La nouveauté de l’approche des chercheurs a été de reproduire in vitro le scénario d’insuffisance de glucose dans le microenvironnement tumoral en utilisant du galactose à la place du glucose. En effet, d’une part, les études in vitro utilisent souvent des concentrations excessives de divers nutriments, dont le glucose, pour étudier les réponses métaboliques des cellules cancéreuses, ce qui rend ces dernières « accros » au glucose et les oblige à orienter leur métabolisme de manière forcée vers la glycolyse aérobie. D’autre part, les études portant sur la réaction des cellules cancéreuses à la carence du glucose dans le microenvironnement tumoral utilisent le plus souvent l’absence totale de glucose in vitro, ce qui ne reflète pas la réalité dans le microenvironnement tumoral.

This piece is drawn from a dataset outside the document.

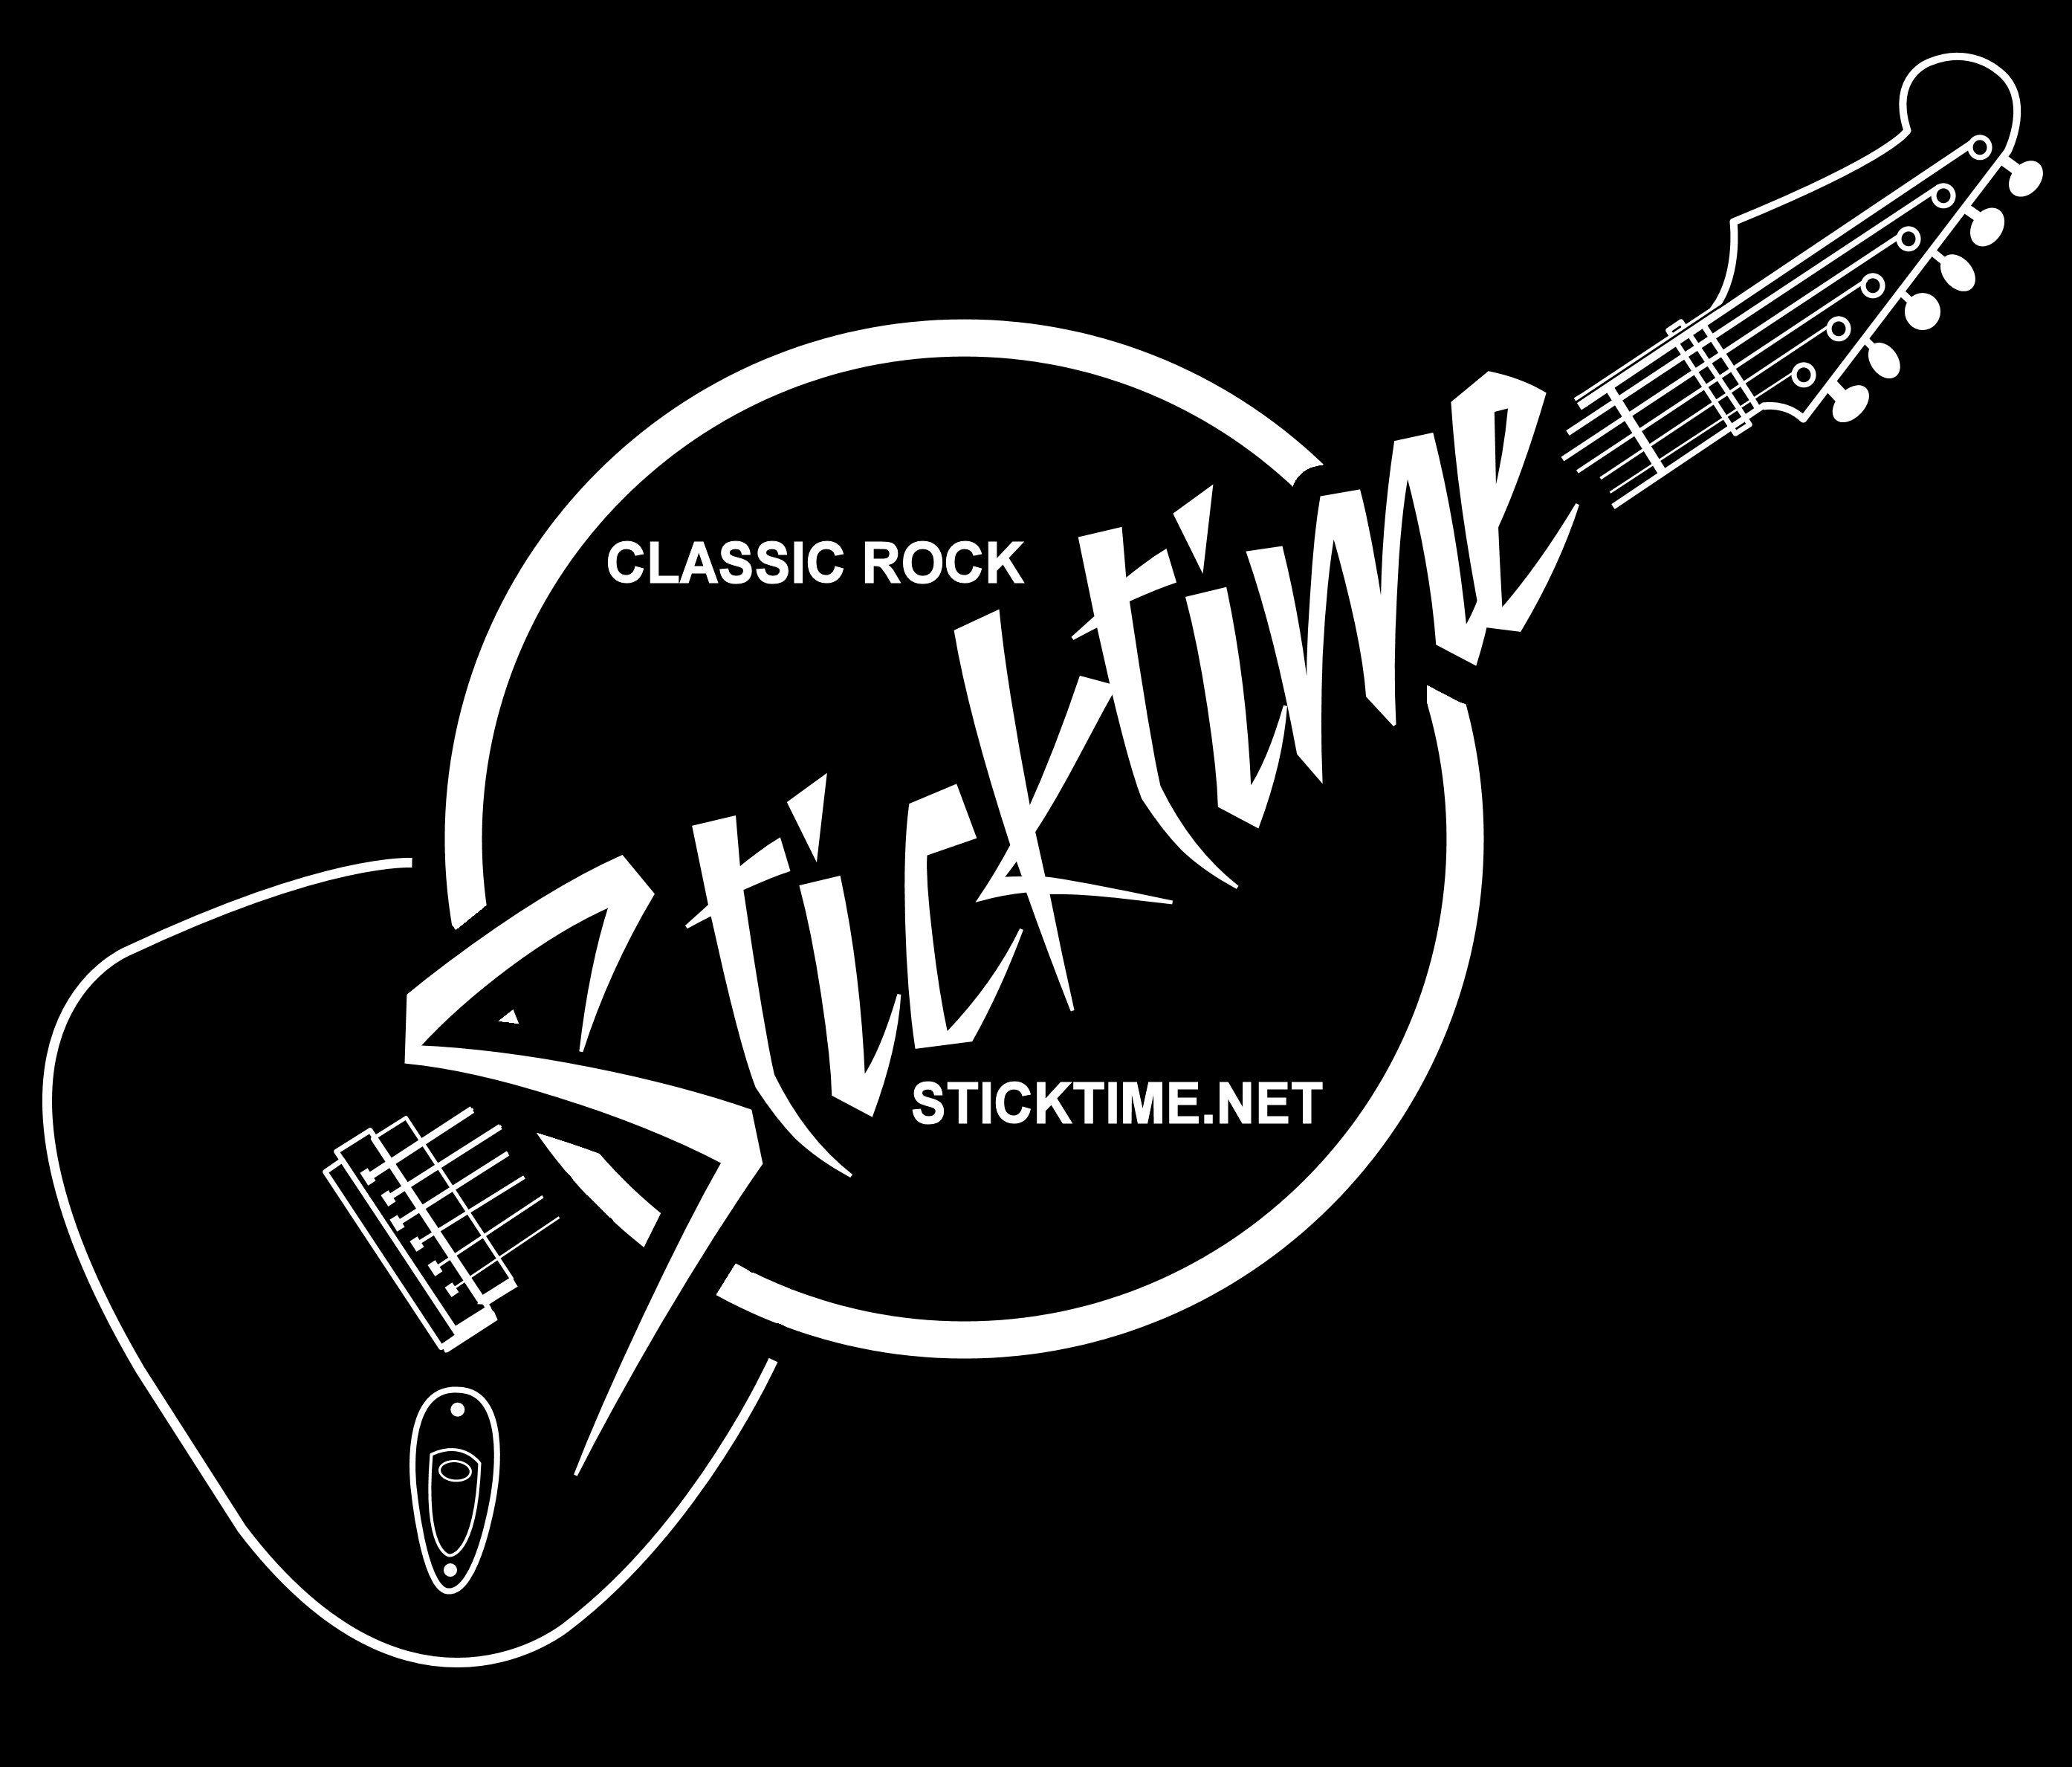 Classic Rock Band Logo - Sticktime Promotional Image Maryland's Premier Classic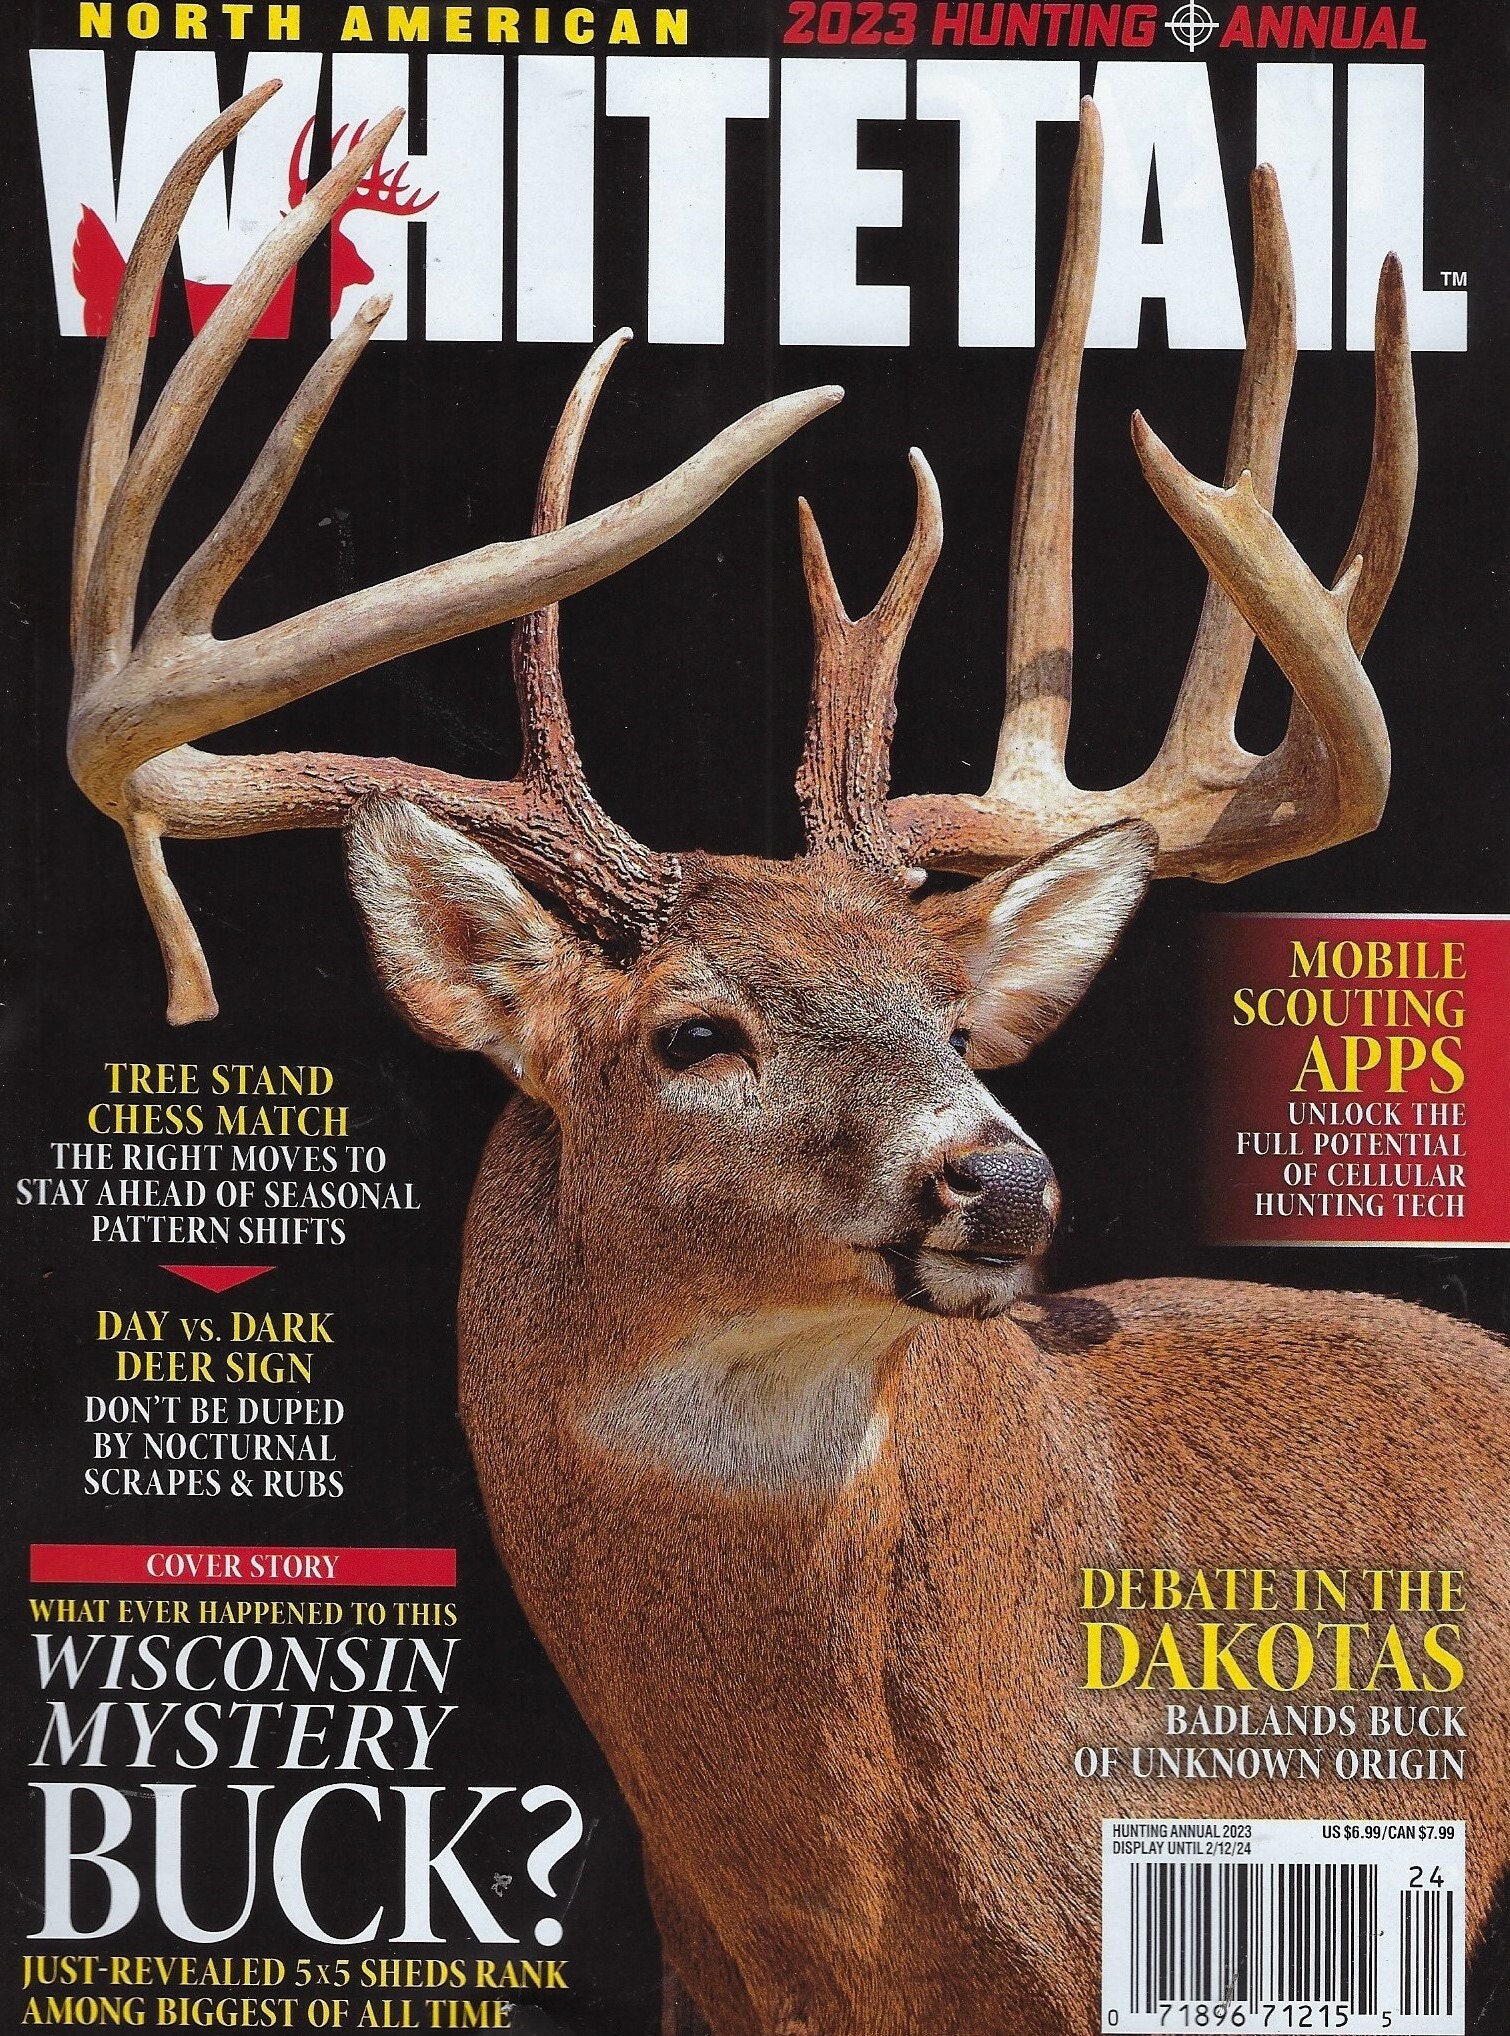 North American Whitetail Magazine ( Hunting Annual) 2023

La véritable flexibilité métabolique des cellules cancéreuses en réponse à la disponibilité des nutriments peut donc passer inaperçue. « Nous avons contourné ce problème en remplaçant le glucose par le galactose, un sucre alternatif qui peut toujours contribuer à la production d’énergie, mais d’une manière plus lente et plus continue, et donc plus représentative du microenvironnement tumoral réel où le glucose est rapidement consommé mais continuellement réapprovisionné par la circulation », explique le Dr Benzarti.

Cela a permis à l’équipe de recherche de capturer les caractéristiques métaboliques des cellules tumorales qui se produisent dans un contexte de faible teneur en glucose, démasquant ainsi leur véritable flexibilité métabolique in vitro. « Plus précisément, nous avons découvert que, lorsque le niveau de glucose est bas, les cellules cancéreuses réorientent leur métabolisme de combustion du glucose vers un substrat différent, à savoir la sérine, pour soutenir leur production d’énergie et lutter contre le stress oxydatif », explique le Dr Benzarti.

Ce processus de synthèse de la sérine (Serine synthesis pathway – SSP) conduit à la production de sérine, un acide aminé qui est un précurseur essentiel pour la synthèse des protéines, des acides nucléiques et des lipides et, par conséquent, pour la survie, la croissance et la prolifération des cellules cancéreuses. L’équipe a découvert que le passage du métabolisme glycolytique normal au SSP est régulé par la protéine PKM2 (Pyruvate kinase isozyme M2) qui, lorsqu’elle est bloquée, réoriente le métabolisme des cellules cancéreuses vers la production de sérine.

« Le détournement du métabolisme cellulaire vers le SSP offre de nombreux avantages métaboliques aux cellules cancéreuses », explique le Dr Benzarti. « D’un point de vue énergétique, cette voie a le potentiel de générer une quantité significative de biomolécules « combustibles ». En outre, le SSP est très flexible, ce qui signifie qu’il peut être adapté aux exigences spécifiques de la cellule afin de produire les biomolécules dont elle a besoin dans certaines conditions », ajoute-t-il.

En conclusion, nos résultats démontrent la flexibilité et la plasticité du réseau biochimique dans les cellules tumorales. Ces caractéristiques adaptatives représentent un défi pour le développement de médicaments de médecine de précision qui ciblent le métabolisme des cellules cancéreuses, et nécessitent donc une compréhension plus approfondie de l’impact de la disponibilité des nutriments dans le microenvironnement tumoral sur le métabolisme des cellules cancéreuses. À cette fin, nous travaillons actuellement à élucider davantage les mécanismes précis qui déterminent l’inhibition et l’activation de PKM2, ainsi que leur lien avec d’autres voies métaboliques

conclut le Dr Johannes Meiser, auteur correspondant de la publication et directeur du département de recherche sur le cancer du LIH.

L’étude a été publiée en février 2024 dans Cell Reports avec le titre complet “PKM2 diverts glycolytic flux in dependence on mitochondrial one-carbon cycle”.

Financements et collaborations

L’étude a été soutenue par le Luxembourg National Research Fund (FNR) dans le cadre des programmes ATTRACT, CORE, PRIDE et i2Tron ; par la Fondation du Pélican de Mie et Pierre Hippert-Faber, sous l’égide de la Fondation de Luxembourg ; ainsi que par la Fondation Cancer et le FNRS-Télévie. Elle a été réalisée en collaboration avec le Luxembourg Centre for Systems Biomedicine de l’Université du Luxembourg, l’hôpital universitaire de Francfort de l’Université Goethe, le German Cancer Consortium et le Cancer Research U.K. Scotland Institute.